• Aim of the exercise
Pull out every line below holding the word "Android".

• Dataset excerpts

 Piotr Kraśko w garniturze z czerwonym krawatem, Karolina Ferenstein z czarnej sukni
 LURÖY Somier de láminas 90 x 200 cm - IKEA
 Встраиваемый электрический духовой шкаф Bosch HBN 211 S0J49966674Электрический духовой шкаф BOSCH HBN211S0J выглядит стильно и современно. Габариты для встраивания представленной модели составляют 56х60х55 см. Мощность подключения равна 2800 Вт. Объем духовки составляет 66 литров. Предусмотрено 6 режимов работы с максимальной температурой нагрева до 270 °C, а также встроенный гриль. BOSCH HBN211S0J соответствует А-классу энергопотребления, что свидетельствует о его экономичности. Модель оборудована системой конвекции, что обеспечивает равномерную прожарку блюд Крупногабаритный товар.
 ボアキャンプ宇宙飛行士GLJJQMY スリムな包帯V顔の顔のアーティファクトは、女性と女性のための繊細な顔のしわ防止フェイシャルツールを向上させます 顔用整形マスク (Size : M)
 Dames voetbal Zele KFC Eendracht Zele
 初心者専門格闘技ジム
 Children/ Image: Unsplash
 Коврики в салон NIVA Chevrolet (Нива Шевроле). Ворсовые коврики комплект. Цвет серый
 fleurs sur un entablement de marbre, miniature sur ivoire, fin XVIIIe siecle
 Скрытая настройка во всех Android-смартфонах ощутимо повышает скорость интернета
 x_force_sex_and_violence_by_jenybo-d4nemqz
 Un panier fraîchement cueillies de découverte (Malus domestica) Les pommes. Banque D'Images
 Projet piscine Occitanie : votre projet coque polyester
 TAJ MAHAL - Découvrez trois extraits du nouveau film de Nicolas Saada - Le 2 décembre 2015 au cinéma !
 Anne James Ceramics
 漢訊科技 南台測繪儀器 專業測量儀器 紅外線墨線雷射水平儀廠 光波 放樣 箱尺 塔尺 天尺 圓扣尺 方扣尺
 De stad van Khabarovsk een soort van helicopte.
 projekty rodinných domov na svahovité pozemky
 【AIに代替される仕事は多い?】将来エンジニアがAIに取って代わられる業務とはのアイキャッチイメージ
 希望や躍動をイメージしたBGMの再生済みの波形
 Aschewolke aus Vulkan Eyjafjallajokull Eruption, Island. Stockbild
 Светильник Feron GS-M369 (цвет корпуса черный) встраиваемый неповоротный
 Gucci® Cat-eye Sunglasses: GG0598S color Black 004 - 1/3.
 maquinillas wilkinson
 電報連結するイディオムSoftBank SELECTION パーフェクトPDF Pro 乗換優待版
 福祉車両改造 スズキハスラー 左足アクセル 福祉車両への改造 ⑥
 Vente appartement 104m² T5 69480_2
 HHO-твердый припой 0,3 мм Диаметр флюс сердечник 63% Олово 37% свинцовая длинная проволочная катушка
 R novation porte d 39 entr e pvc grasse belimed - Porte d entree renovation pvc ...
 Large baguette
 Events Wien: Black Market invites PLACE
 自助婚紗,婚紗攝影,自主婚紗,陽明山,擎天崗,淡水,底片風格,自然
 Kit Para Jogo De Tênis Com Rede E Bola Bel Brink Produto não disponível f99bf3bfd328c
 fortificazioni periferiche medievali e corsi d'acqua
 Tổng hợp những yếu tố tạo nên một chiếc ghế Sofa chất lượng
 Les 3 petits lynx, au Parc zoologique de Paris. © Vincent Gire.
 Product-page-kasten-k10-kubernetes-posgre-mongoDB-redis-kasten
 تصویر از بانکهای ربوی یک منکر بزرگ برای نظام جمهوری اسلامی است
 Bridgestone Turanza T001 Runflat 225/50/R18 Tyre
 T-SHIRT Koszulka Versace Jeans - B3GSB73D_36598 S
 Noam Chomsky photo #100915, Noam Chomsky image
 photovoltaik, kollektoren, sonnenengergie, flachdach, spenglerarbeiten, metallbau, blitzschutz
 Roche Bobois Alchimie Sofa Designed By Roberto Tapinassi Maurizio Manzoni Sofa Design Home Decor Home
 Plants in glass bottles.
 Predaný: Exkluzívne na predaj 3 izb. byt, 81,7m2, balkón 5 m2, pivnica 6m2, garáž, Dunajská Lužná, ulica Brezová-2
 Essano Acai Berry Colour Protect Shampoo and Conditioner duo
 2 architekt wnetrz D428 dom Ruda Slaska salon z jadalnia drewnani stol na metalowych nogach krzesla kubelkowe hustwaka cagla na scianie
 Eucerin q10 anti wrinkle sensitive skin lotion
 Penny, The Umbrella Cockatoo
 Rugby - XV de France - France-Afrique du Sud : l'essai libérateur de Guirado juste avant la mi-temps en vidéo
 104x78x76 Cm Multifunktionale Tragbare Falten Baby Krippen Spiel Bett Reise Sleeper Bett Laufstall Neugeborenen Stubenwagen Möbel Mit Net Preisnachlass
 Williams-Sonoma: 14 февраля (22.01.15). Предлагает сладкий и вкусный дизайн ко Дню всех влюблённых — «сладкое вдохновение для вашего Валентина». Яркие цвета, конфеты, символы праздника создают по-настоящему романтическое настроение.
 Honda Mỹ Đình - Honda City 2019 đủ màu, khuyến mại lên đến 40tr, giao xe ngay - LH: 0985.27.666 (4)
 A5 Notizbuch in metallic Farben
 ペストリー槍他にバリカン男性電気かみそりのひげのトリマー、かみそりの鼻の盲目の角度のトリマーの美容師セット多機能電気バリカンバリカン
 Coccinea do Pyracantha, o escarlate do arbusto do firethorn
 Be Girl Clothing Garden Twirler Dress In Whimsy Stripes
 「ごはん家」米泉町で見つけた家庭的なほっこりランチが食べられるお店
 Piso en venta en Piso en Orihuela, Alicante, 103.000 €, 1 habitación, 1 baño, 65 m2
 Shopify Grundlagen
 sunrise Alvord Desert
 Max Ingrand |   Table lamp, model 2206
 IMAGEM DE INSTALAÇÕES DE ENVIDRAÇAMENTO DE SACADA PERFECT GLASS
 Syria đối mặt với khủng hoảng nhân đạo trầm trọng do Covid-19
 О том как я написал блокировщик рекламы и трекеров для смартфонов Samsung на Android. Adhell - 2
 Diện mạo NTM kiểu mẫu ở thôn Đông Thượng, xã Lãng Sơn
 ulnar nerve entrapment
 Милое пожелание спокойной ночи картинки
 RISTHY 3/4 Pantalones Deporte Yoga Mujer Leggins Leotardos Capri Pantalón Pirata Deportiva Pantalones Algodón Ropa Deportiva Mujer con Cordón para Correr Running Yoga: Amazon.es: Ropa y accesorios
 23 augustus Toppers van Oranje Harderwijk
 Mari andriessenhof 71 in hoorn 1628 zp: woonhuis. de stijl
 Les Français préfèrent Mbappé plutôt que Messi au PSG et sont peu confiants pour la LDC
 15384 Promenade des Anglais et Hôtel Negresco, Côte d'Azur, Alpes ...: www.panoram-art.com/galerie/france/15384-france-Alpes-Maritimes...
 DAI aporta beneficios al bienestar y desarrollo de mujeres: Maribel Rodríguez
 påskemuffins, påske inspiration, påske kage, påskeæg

• Result of the exercise
 Скрытая настройка во всех Android-смартфонах ощутимо повышает скорость интернета
 О том как я написал блокировщик рекламы и трекеров для смартфонов Samsung на Android. Adhell - 2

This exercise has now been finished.